## AIM OF THE EXERCISE
After finding the line with "Cowboy Cake Smash, outfit, jeans, shirt, baby, 1st", restate it and each remaining line of the material word for word, omitting every picture.

*** Opening of DATA EXTRACT ***

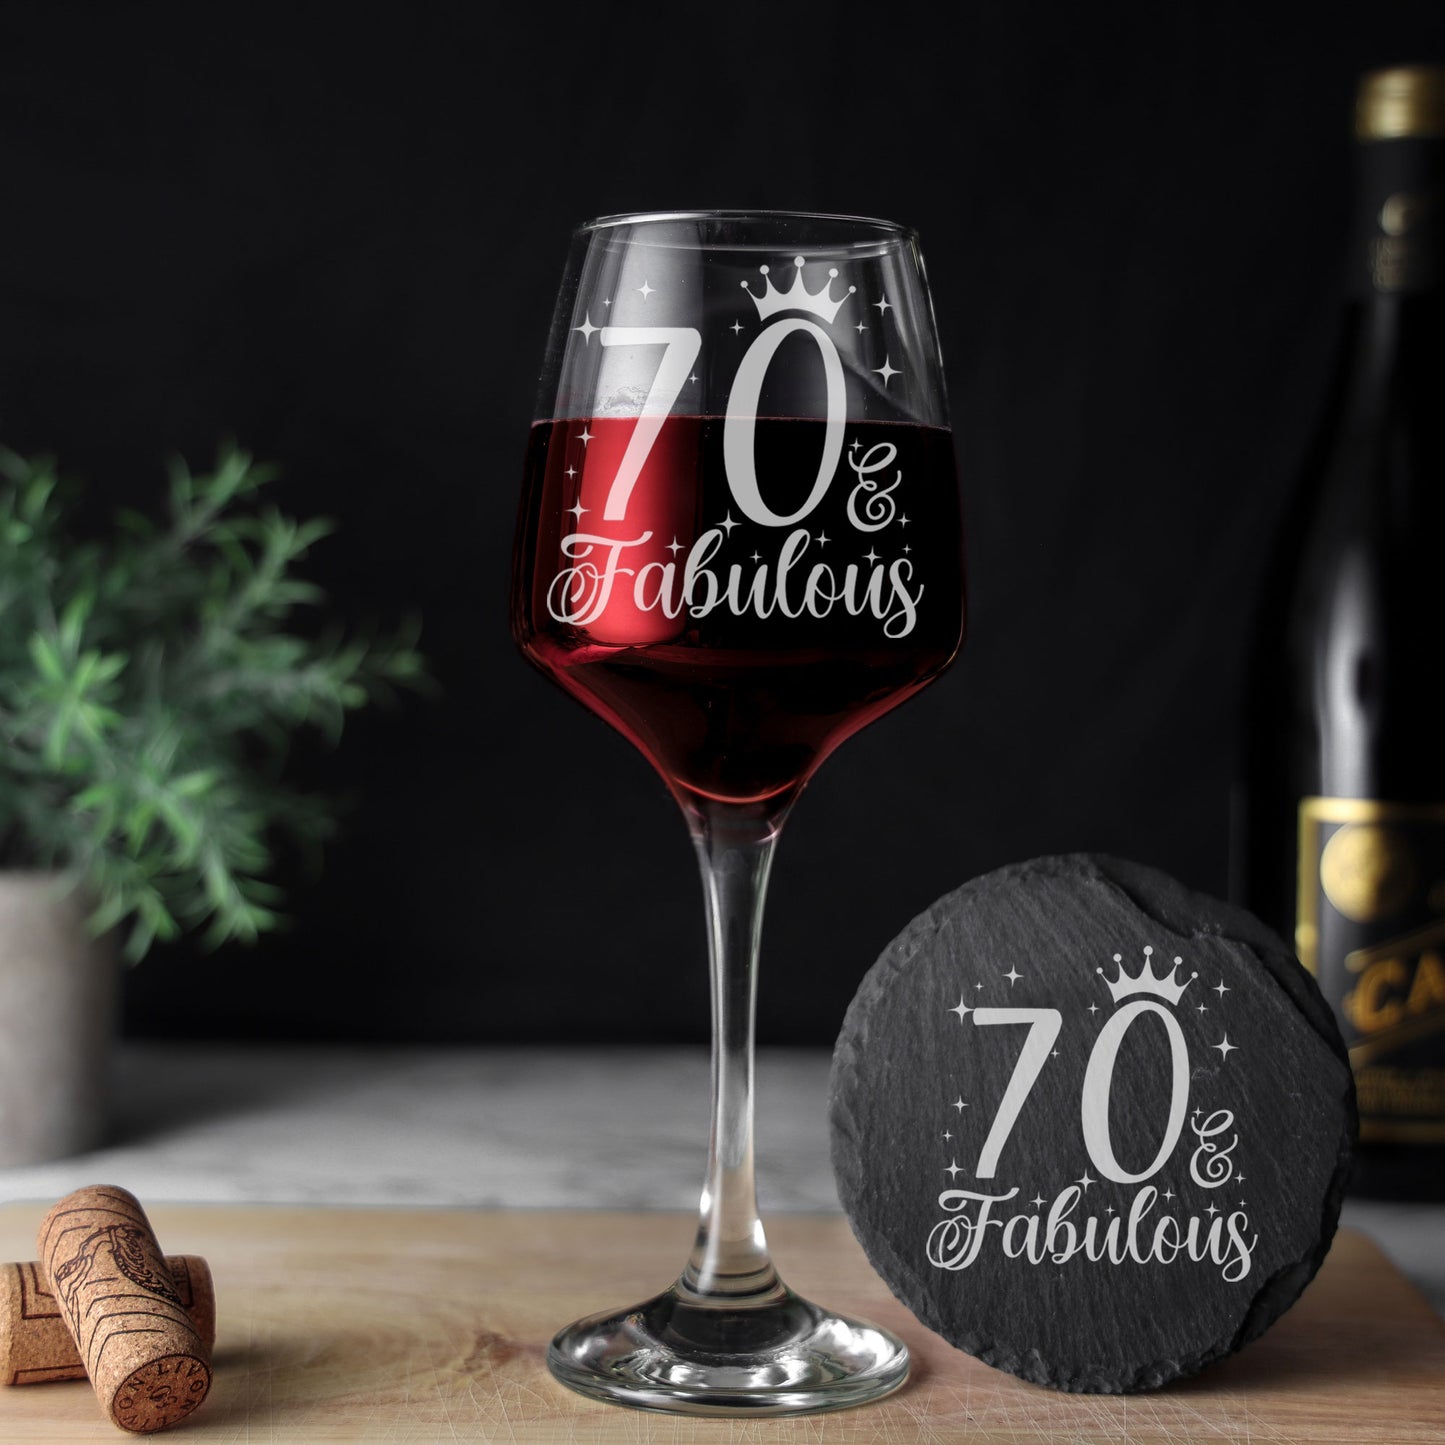 70 & Fabulous 70th Birthday Gift Engraved Wine Glass and/or Coaster Set  - Always Looking Good - Glass & Round Coaster  
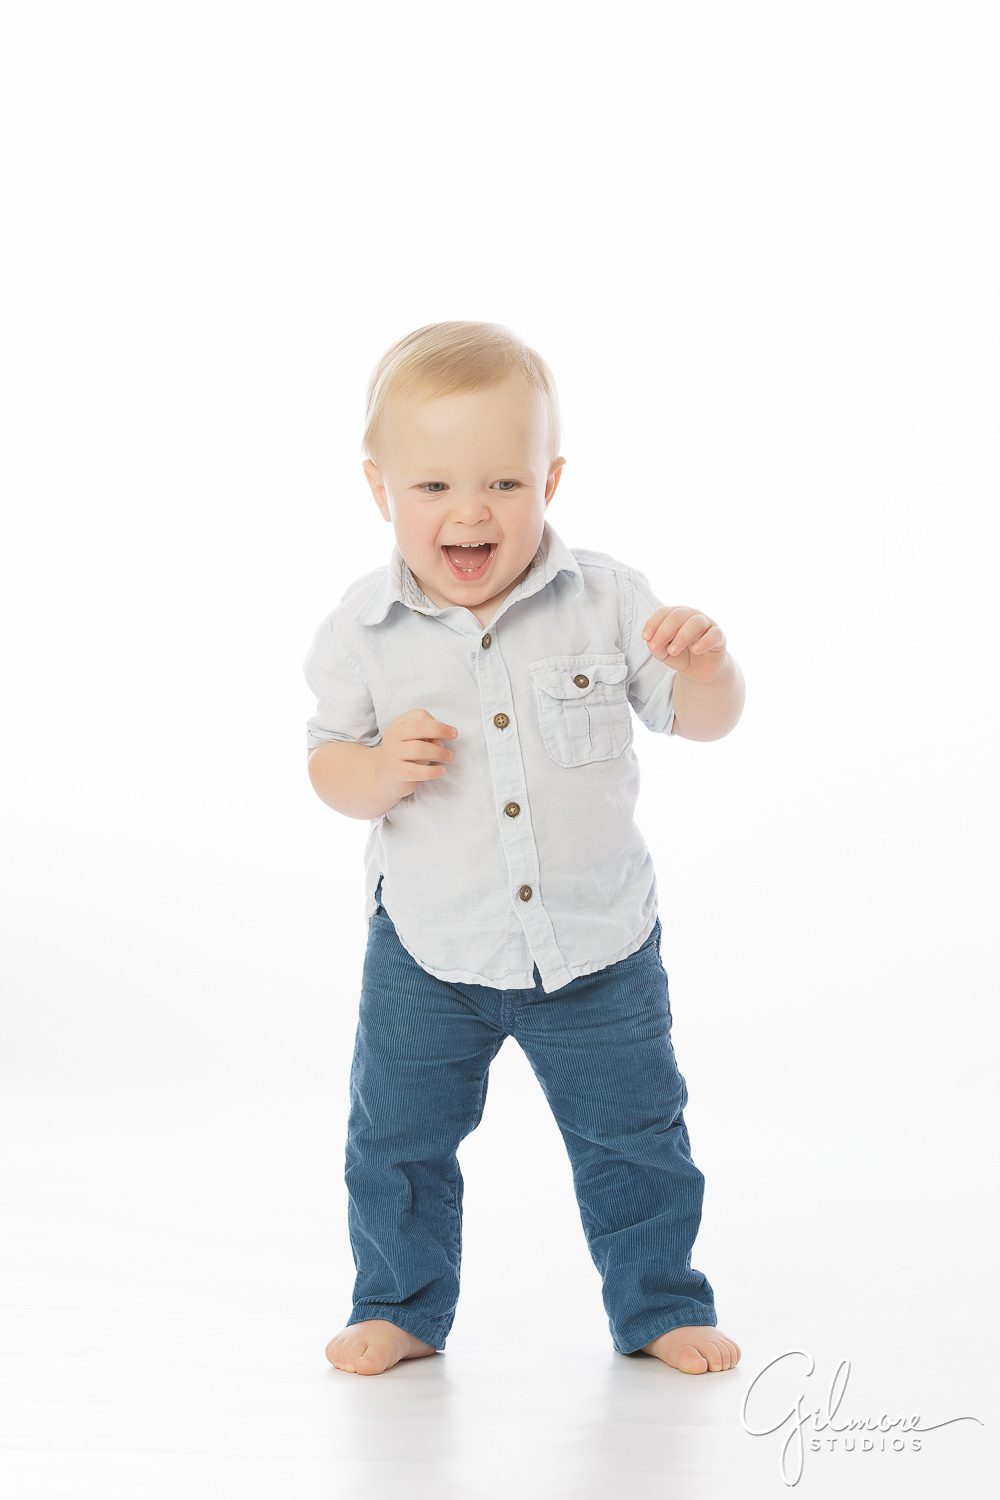 Cowboy Cake Smash, outfit, jeans, shirt, baby, 1st bday, first birthday, portrait session, studio shoot, family
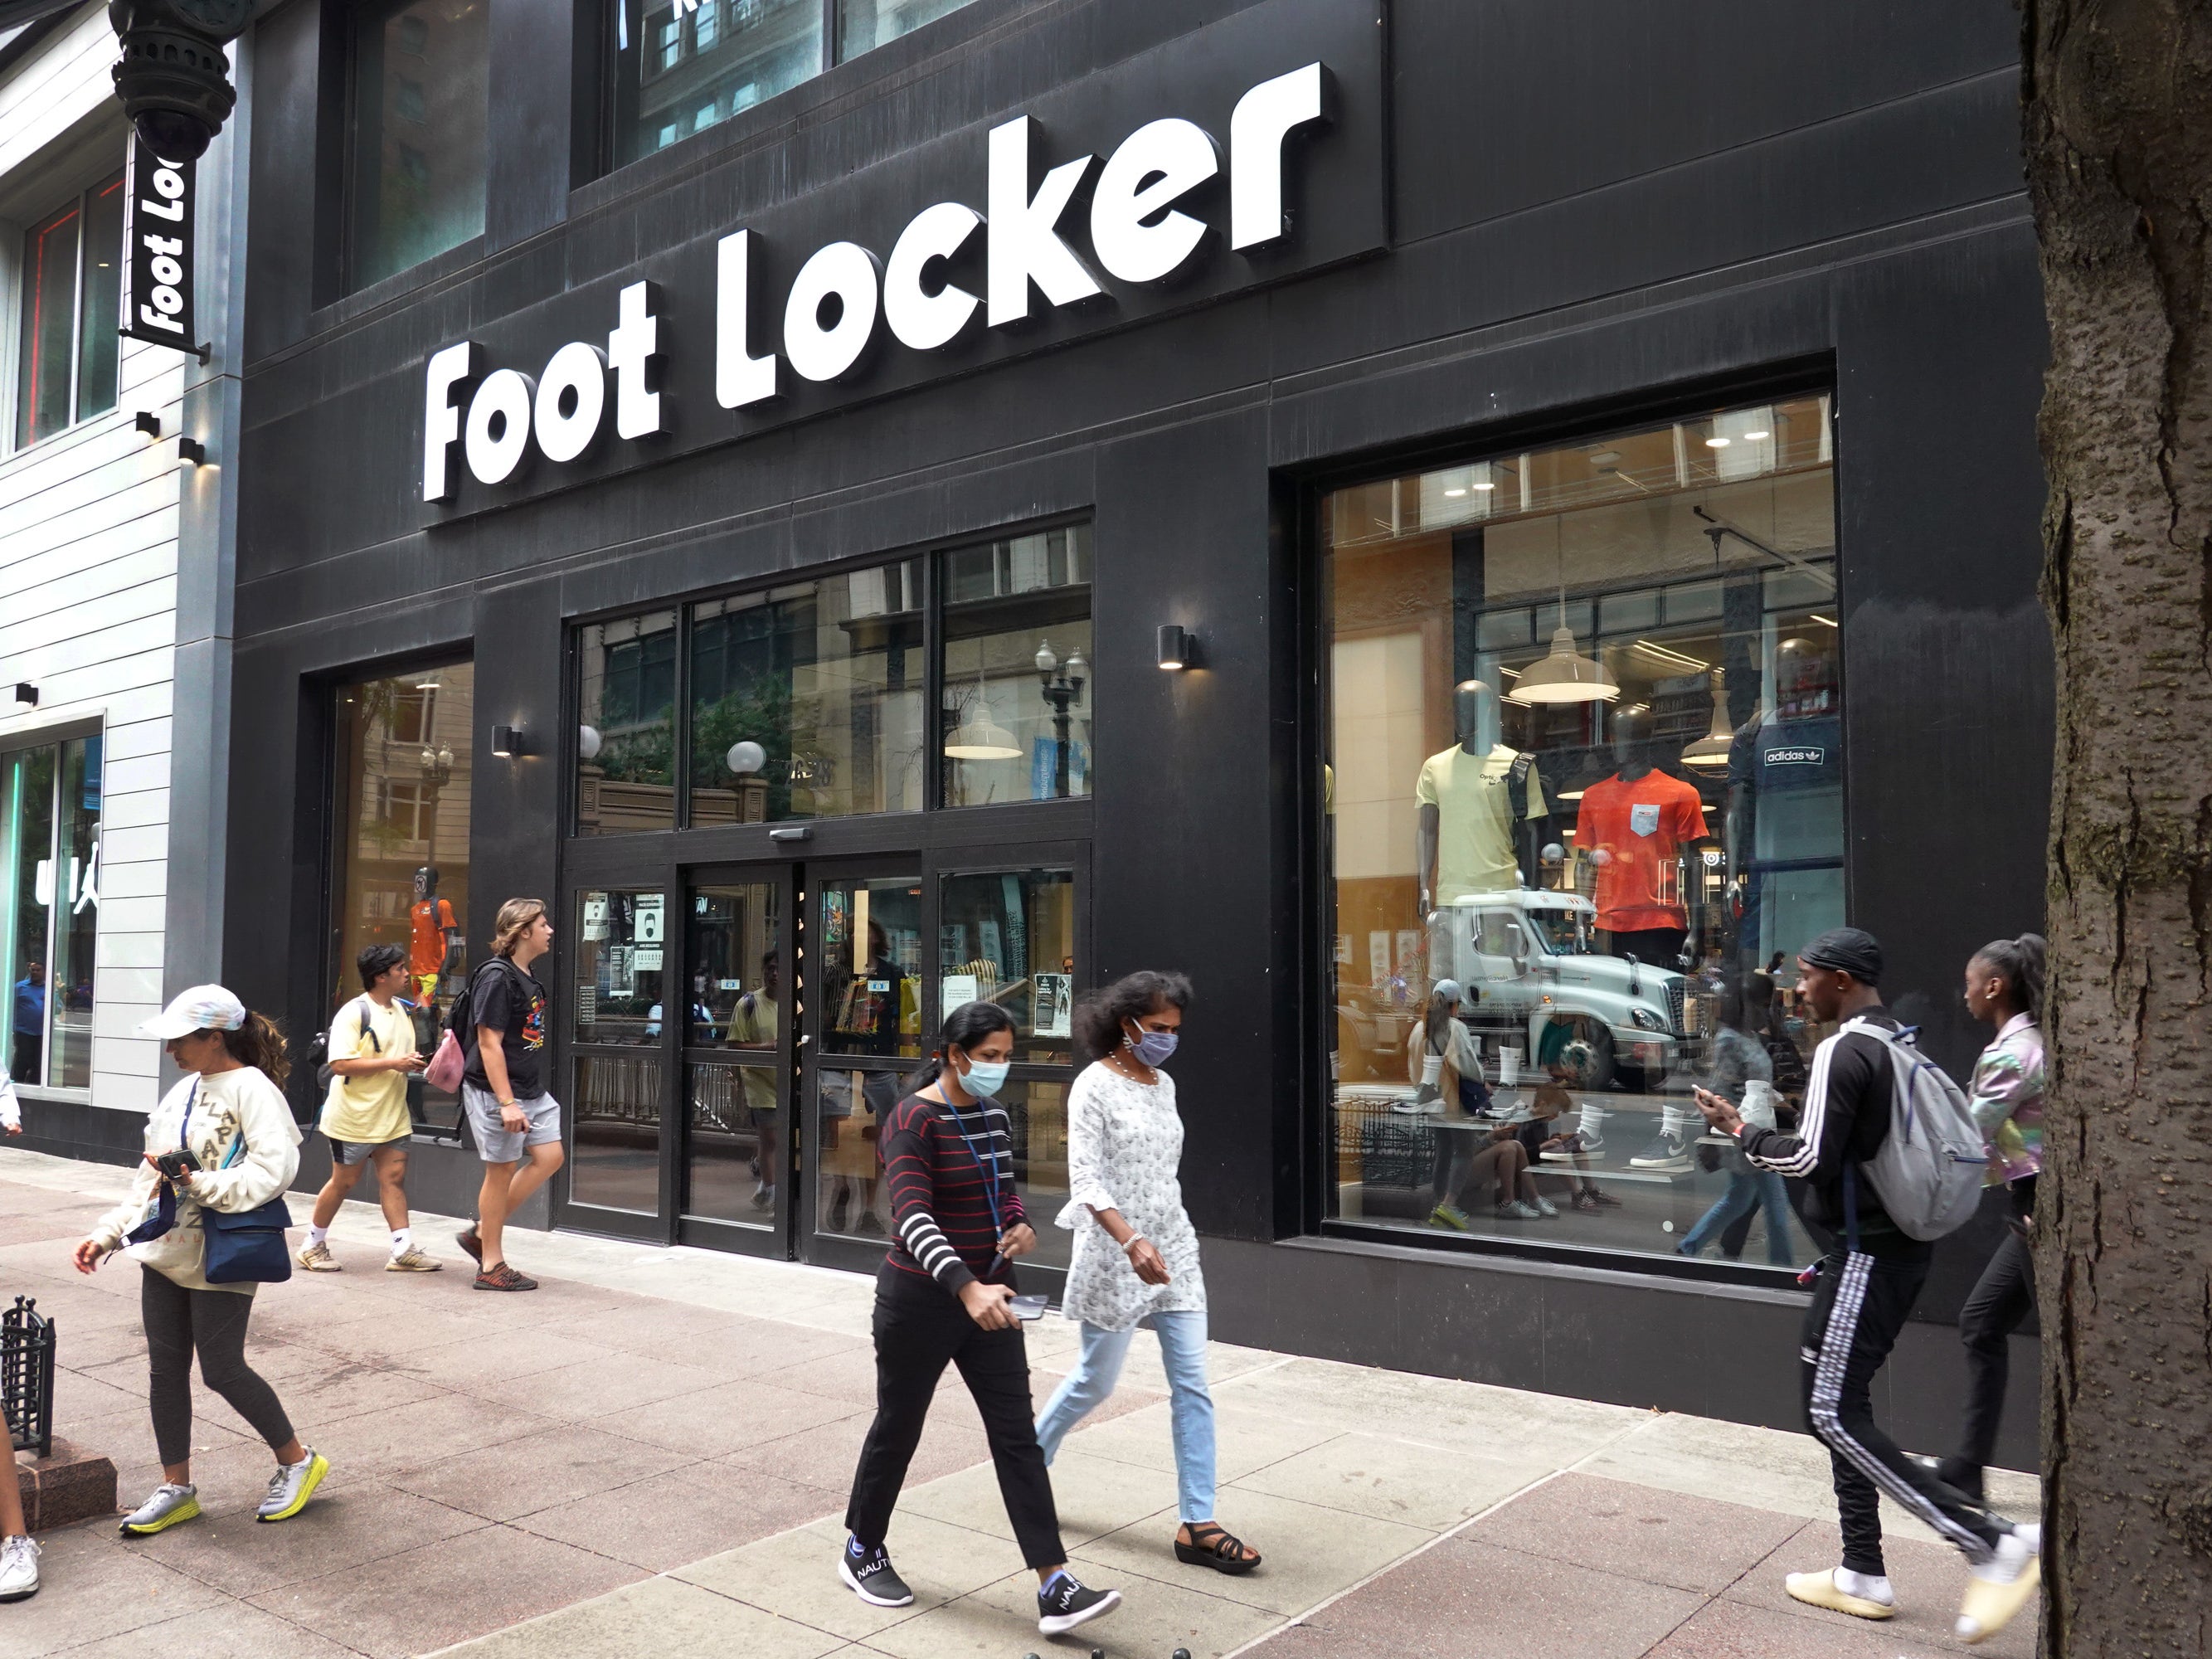 Buying EVERY Footlocker Employee A Pair Of Shoes!

*** Close of DATA EXTRACT ***

## ANSWER SPACE
 Cowboy Cake Smash, outfit, jeans, shirt, baby, 1st bday, first birthday, portrait session, studio shoot, family
 Buying EVERY Footlocker Employee A Pair Of Shoes!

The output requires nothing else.